Evaluating Learning Games during their Conception

Learning Games (LGs) are educational environments based on a playful approach to learning. Their use has proven to be promising in many domains, but is at present restricted by the time consuming and costly nature of the developing process. In this paper, we propose a set of quality indicators that can help the conception team to evaluate the quality of their LG during the designing process, and before it is developed. By doing so, the designers can identify and repair problems in the early phases of the conception and therefore reduce the alteration phases, that occur after testing the LG’s prototype. These quality indicators have been validated by 6 LG experts that used them to assess the quality of 24 LGs in the process of being designed. They have also proven to be useful as design guidelines for novice LG designers.

💡 Research Summary

The paper addresses a critical bottleneck in the development of Learning Games (LGs): the high time and monetary costs associated with iterative prototyping and post‑design testing. To mitigate these expenses, the authors propose a comprehensive set of quality indicators that can be applied during the conception phase, before any functional prototype is built. By evaluating a game’s educational and gameplay dimensions early, designers can detect misalignments, missing feedback loops, or inappropriate difficulty settings before they become costly to fix.

The authors first situate LGs within the broader landscape of educational technology, noting that while empirical studies have demonstrated their potential to increase motivation, engagement, and learning outcomes, most development practices still rely on a “test‑then‑fix” cycle. They argue that this reactive approach inflates development cycles and hampers scalability, especially for novice designers who lack systematic design guidance.

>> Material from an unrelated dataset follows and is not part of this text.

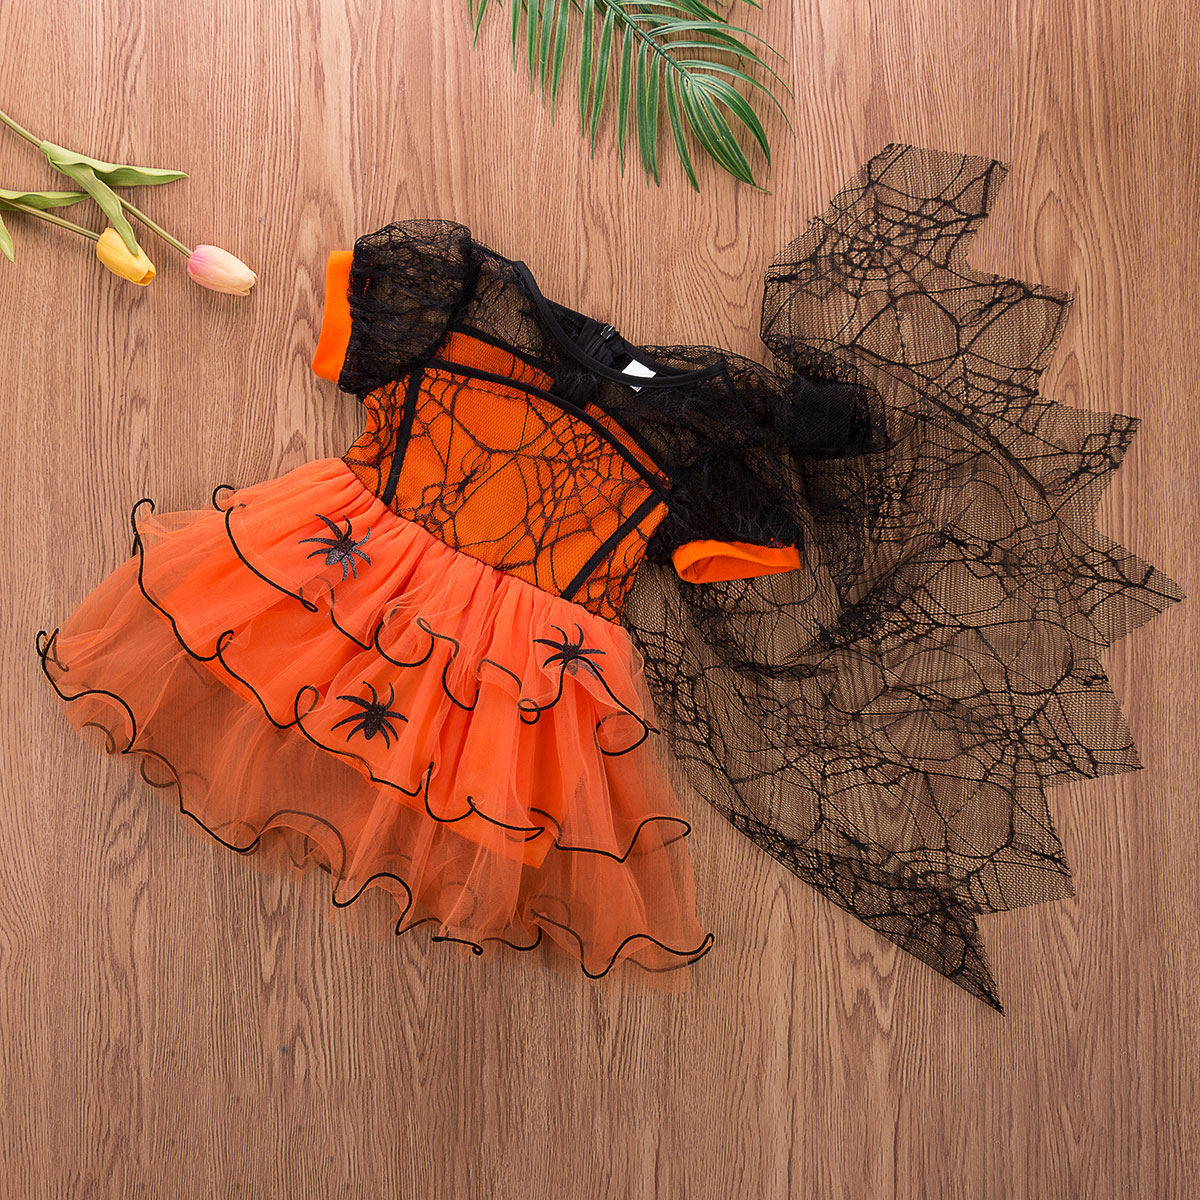 Witch Costume Girls Halloween Party Kids Deluxe Wizard Queen Fancy Dress

To construct a robust evaluation framework, the paper synthesizes two well‑established bodies of theory: instructional design models (such as ADDIE and Gagné’s Nine Events of Instruction) and game design principles (including the MDA framework, Flow Theory, and established mechanics‑feedback loops). By intersecting these perspectives, the authors derive twelve core quality indicators:

Clarity of Learning Objectives – Are the educational goals explicit, measurable, and aligned with curriculum standards?
Adaptive Difficulty – Does the game provide mechanisms for scaling challenge to individual learner proficiency?
Alignment of Content and Mechanics – Are the instructional elements tightly integrated with the core gameplay loops?
Immediate and Specific Feedback – Does the system deliver timely, actionable feedback after each learner action?
Motivational Elements – Are reward structures (points, badges, narrative progression) designed to sustain intrinsic motivation?
Usability of Interface – Is the UI intuitive, minimizing cognitive load unrelated to learning?
Narrative Coherence – Does the storyline reinforce, rather than distract from, the learning trajectory?
Collaboration/Competition Features – Are multiplayer or social components thoughtfully incorporated to support learning objectives?
Assessment and Tracking – Does the game embed analytics for monitoring learner performance and progress?
Accessibility and Inclusivity – Are design choices considerate of diverse abilities, languages, and cultural contexts?
Technical Feasibility – Can the proposed features be realized with current technology and development resources?
Cost‑Benefit Efficiency – Does the projected development effort justify the anticipated educational impact?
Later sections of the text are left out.